Topic / Science, Technology and Data

If Robots Come for Our Jobs, We Need More than Universal Basic Income

BY ASAD RAMZANALI

If you believe the standard Silicon Valley narrative, technologies like artificial intelligence will cause unprecedented levels of job loss. The solution is universal basic income (UBI), an unconditional cash transfer for every citizen. While UBI may alleviate poverty and modernize welfare programs, it is not a solution for mass unemployment. If labor disruption becomes a reality, government should instead help citizens transition to new jobs by improving retraining programs and income insurance.

First, fears of mass unemployment are unfounded. Applying one claim that automation will eliminate 47 percent of jobs to U.S. employment suggests 73 million jobs will disappear. Like any analysis, these numbers need context: 63 million American jobs were lost in 2017 alone, but 65 million jobs were gained in that period – yielding a positive net jobs number.

Inabilities to imagine future jobs drives dystopian concerns, but history is instructive. In 1850, two-thirds of Americans were farmers, a ratio in decline ever since. The 1850s also marked the beginning of a growth in railroad-related jobs as the nation became interconnected. “Teamster” drivers of horse-drawn wagons first unionized at the turn of the century, just years before the Model T decimated teamster jobs. This shift, however, also created jobs in manufacturing, repair, and driving, many of which are represented by today’s Teamsters.

Economists actually worry that technology’s impact on productivity is too low today. Productivity growth, which yields growth in GDP per capita, is problematically slowing in nearly all advanced economies. Harvard economist Larry Summers has warned of an economic stagnation. Suprisingly, occupational churn is at its lowest level since at least 1850. As Harvard economist Jason Furman summarizes: “the biggest worry I have [is] that we do not have enough of AI.”

Headlines often indicate that this time may be different, however. Self-driving technology threatens 3.7 million truck drivers. Amazon’s rise and its checkout-free stores threaten 3.6 million cashiers. Virtual assistants lurk over four million human secretary jobs. While consumers may gain from these seemingly inevitable trends, we have a responsibility to support those who lose employment due to automation.

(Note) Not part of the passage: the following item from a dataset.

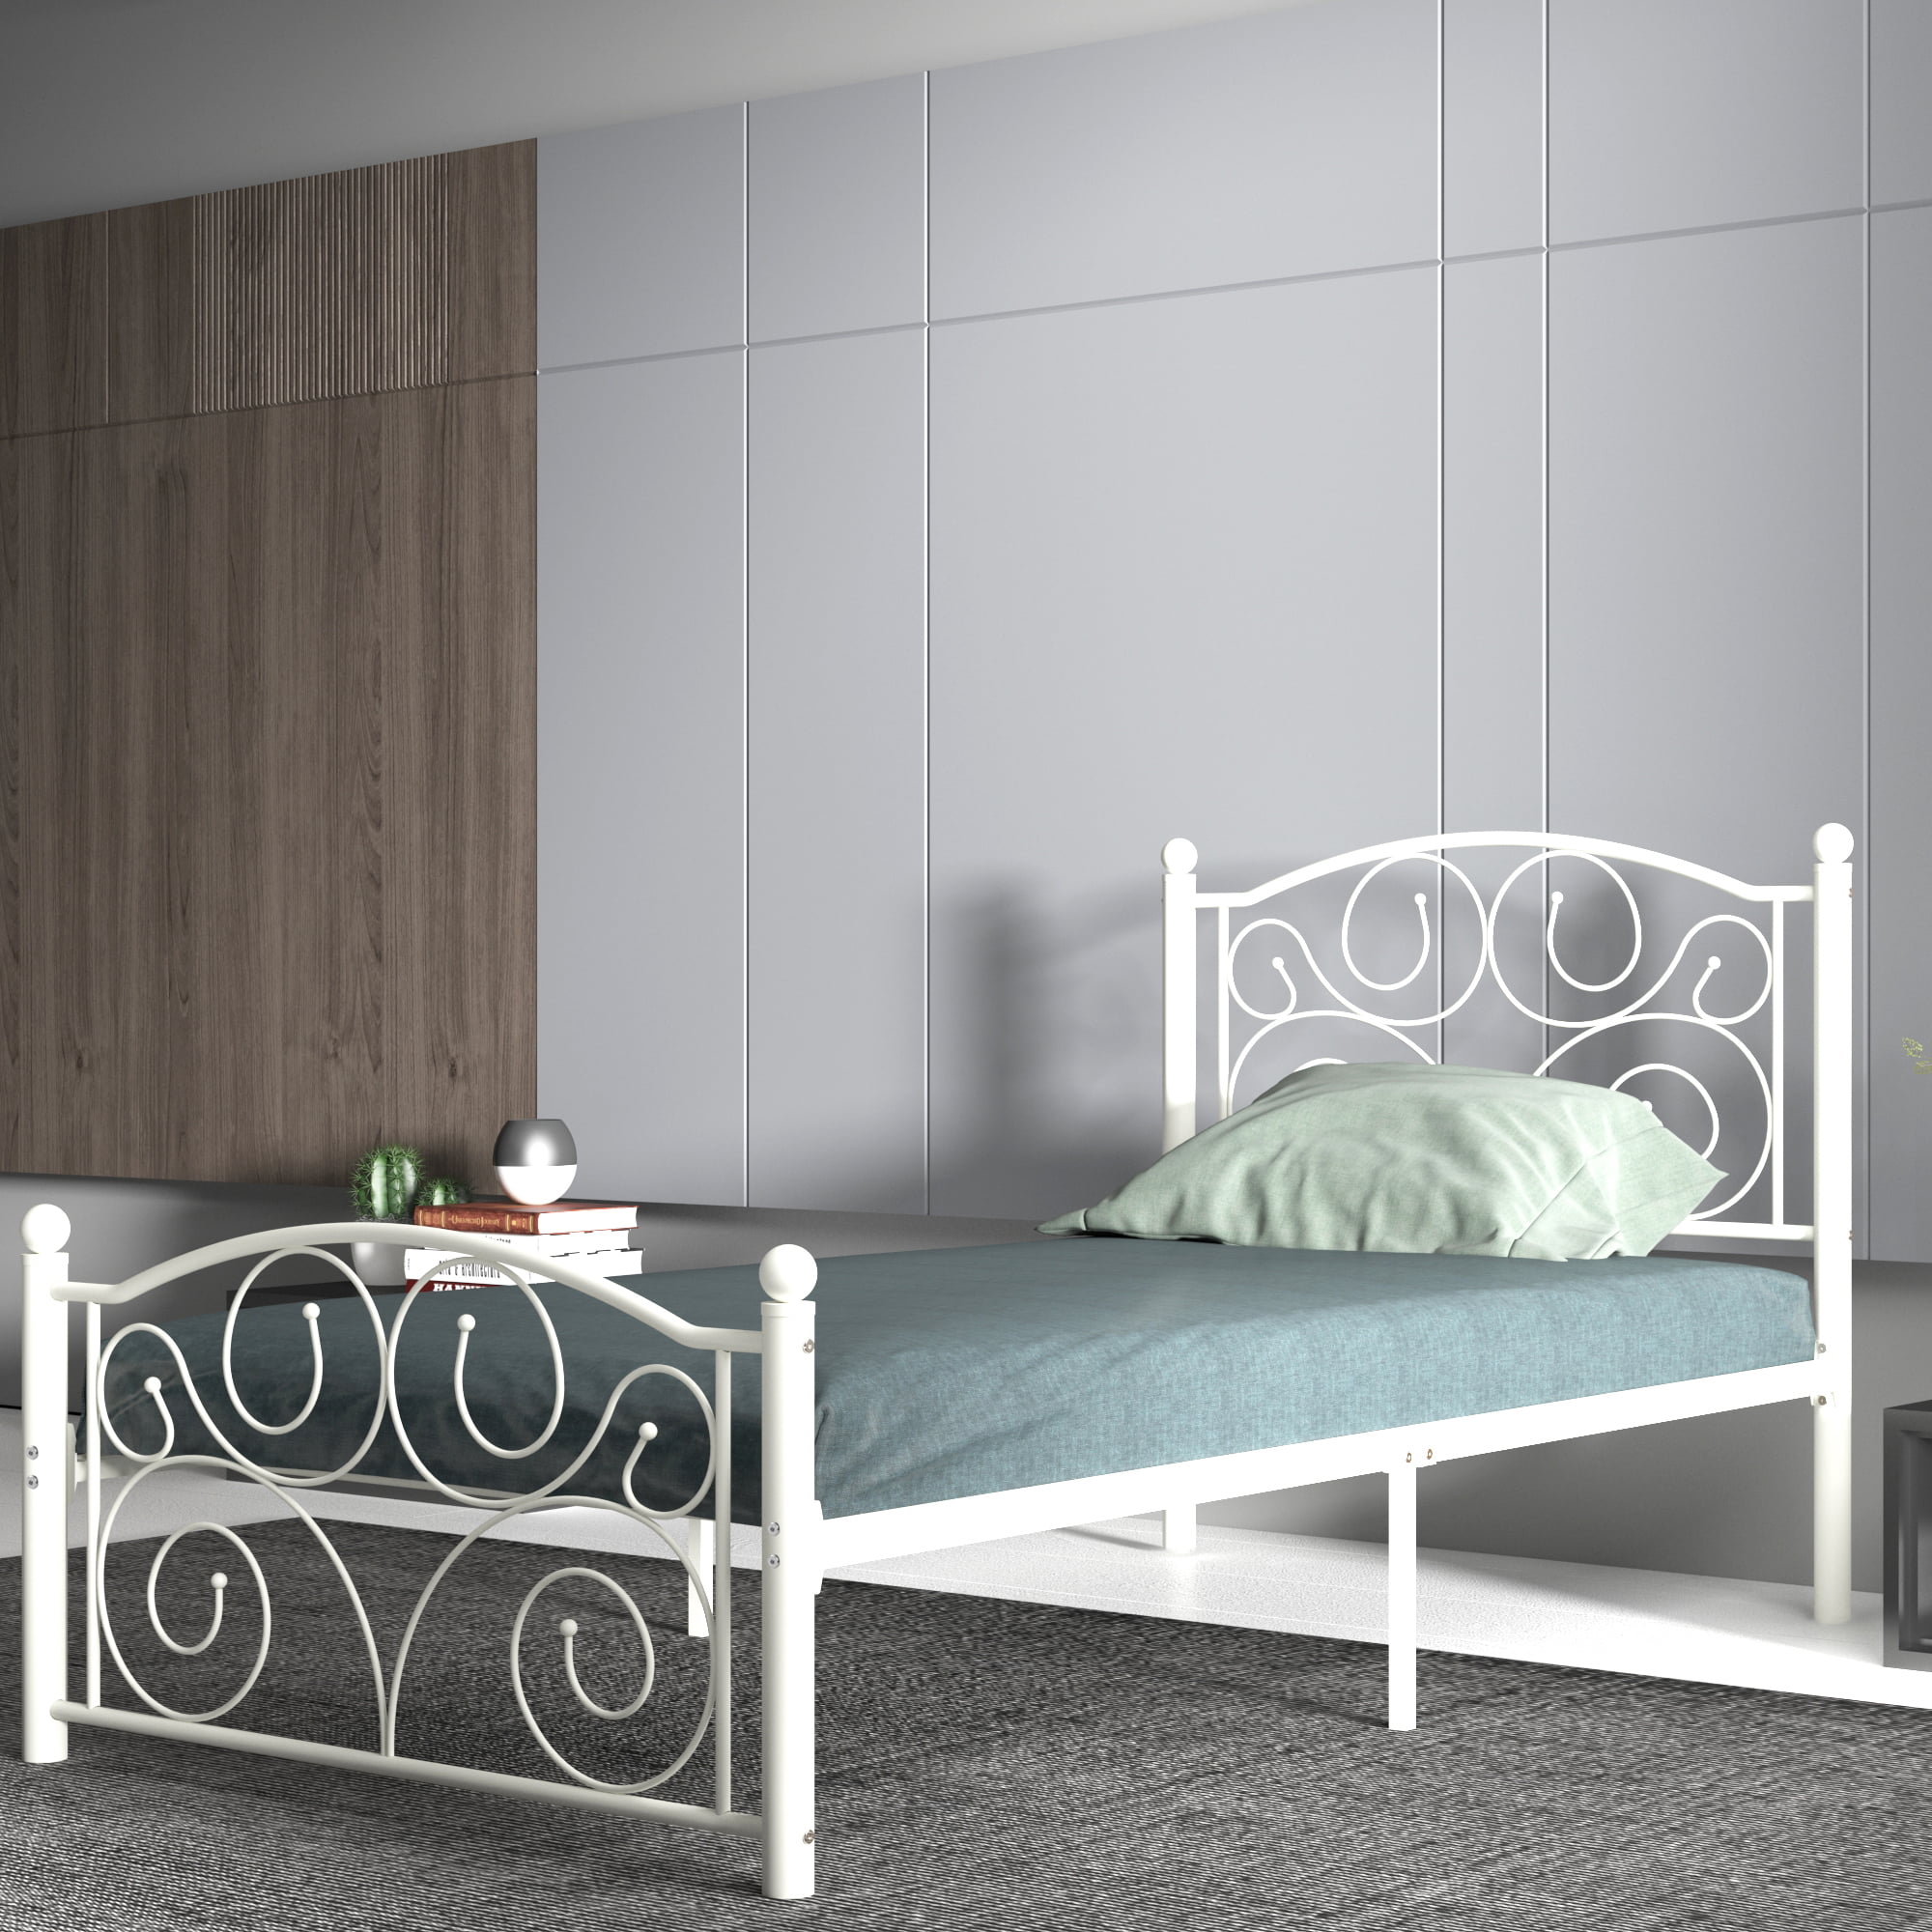 En Casa ® Metal Bed 120x200cm White Bed Frame Design Bed Bedroom Metal

These concerns lead liberals, libertarians, techies, labor, economists, and wonks to support UBI. In one sophisticated UBI proposal, scholars Philippe Van Parijs and‎ Yannick Vanderborght suggest that every adult receive $1,000 monthly, just above the federal poverty line, no-questions-asked. The idea is promising because safety nets fail to catch everyone, means-tested welfare is stigmatized, disparate systems create confusing red tape, and conditional benefits come with a loss of individual agency. The UBI scheme Van Parijs and Vanderborght outline provides everyone with a degree of freedom to take risks when times are good and to make ends meet in times of need.

While appealing, UBI is not a solution for labor disruption. Van Parijs recently told me he does not fear large-scale unemployment but such a situation might require more than UBI alone. Relying on UBI alone as a solution for mass unemployment without considering re-employment suggests accepting poverty-level lifestyles for millions more. Other policy instruments can more effectively address issues of occupational churn.

If job destruction numbers spike, policymakers should be prepared with a twofold response: ready Americans for new jobs and help them avoid destitution between jobs. For this, we need to improve retraining programs and streamline income insurance schemes.

Government should invest in growing the evidence base on retraining programs. The Department of Labor (DOL) itself concluded we need more long-term impact data on training programs. Further, workforce development literature often focuses on employer training, youth development, and STEM. The research on low-skill adult retraining programs specifically is mixed at best: Trade Adjustment Assistance (TAA), which aids workers whose jobs are lost to trade deals, is often seen as ineffective, stingy and inadequate. But such findings implicate specific programs, not the idea of retraining.

This is where policymakers can take a page from UBI. As the conversation about UBI has grown, governments and civil society have launched experiments in Finland, Kenya, Ontario, Oakland, and other places. The pilots are too early for conclusions, but the idea of public policy experimentation should be applied to other areas, including retraining. DOL should invest in experimenting with new pedagogies, training mediums, and program durations, all specifically focused on low-skill adult retraining. If structural unemployment spikes, the government should be ready with effective retraining.

Alongside retraining programs, unemployment insurance (UI) helps displaced workers transition between jobs, but existing programs need to be streamlined. UI programs, the most common type of income insurance, typically pay workers half-salary up to 26 weeks and have positive economic impacts. TAA also provides cash assistance for up to 52 weeks for trade-related unemployment. This more generous benefit should be extended to anyone who becomes unemployed for any reason – trade, automation, or otherwise – as part of UI, reducing red tape for the unemployed to prove causes of job loss. The Brookings Institution has proposed such a single Universal Basic Adjustment Benefit, which simplifies the existing patchwork of programs. Modernizing UI programs would help workers avoid episodic poverty caused by job transition.

Technology development should be encouraged because it improves overall welfare. But if – and it’s a big if – automation leads to mass job loss, our goal should be to help the unemployed transition to new jobs, not to give up on the idea of jobs altogether or fall back on interesting but unrelated proposals like UBI. To be prepared for such a future, policymakers need to experiment with retraining programs today and streamline income insurance. Technology can improve our lives, but smarter public policy can ensure everyone shares in these gains.

Asad Ramzanali is a Master in Public Policy candidate at Harvard Kennedy School, where he is focused on policy related to the technology sector. Before Harvard, Asad worked in Silicon Valley for six years – first in corporate strategy at Intuit and then managing an impact investing program funded by JPMorgan Chase and run by nonprofit Center for Financial Services Innovation. He holds a B.A. in economics from UCLA.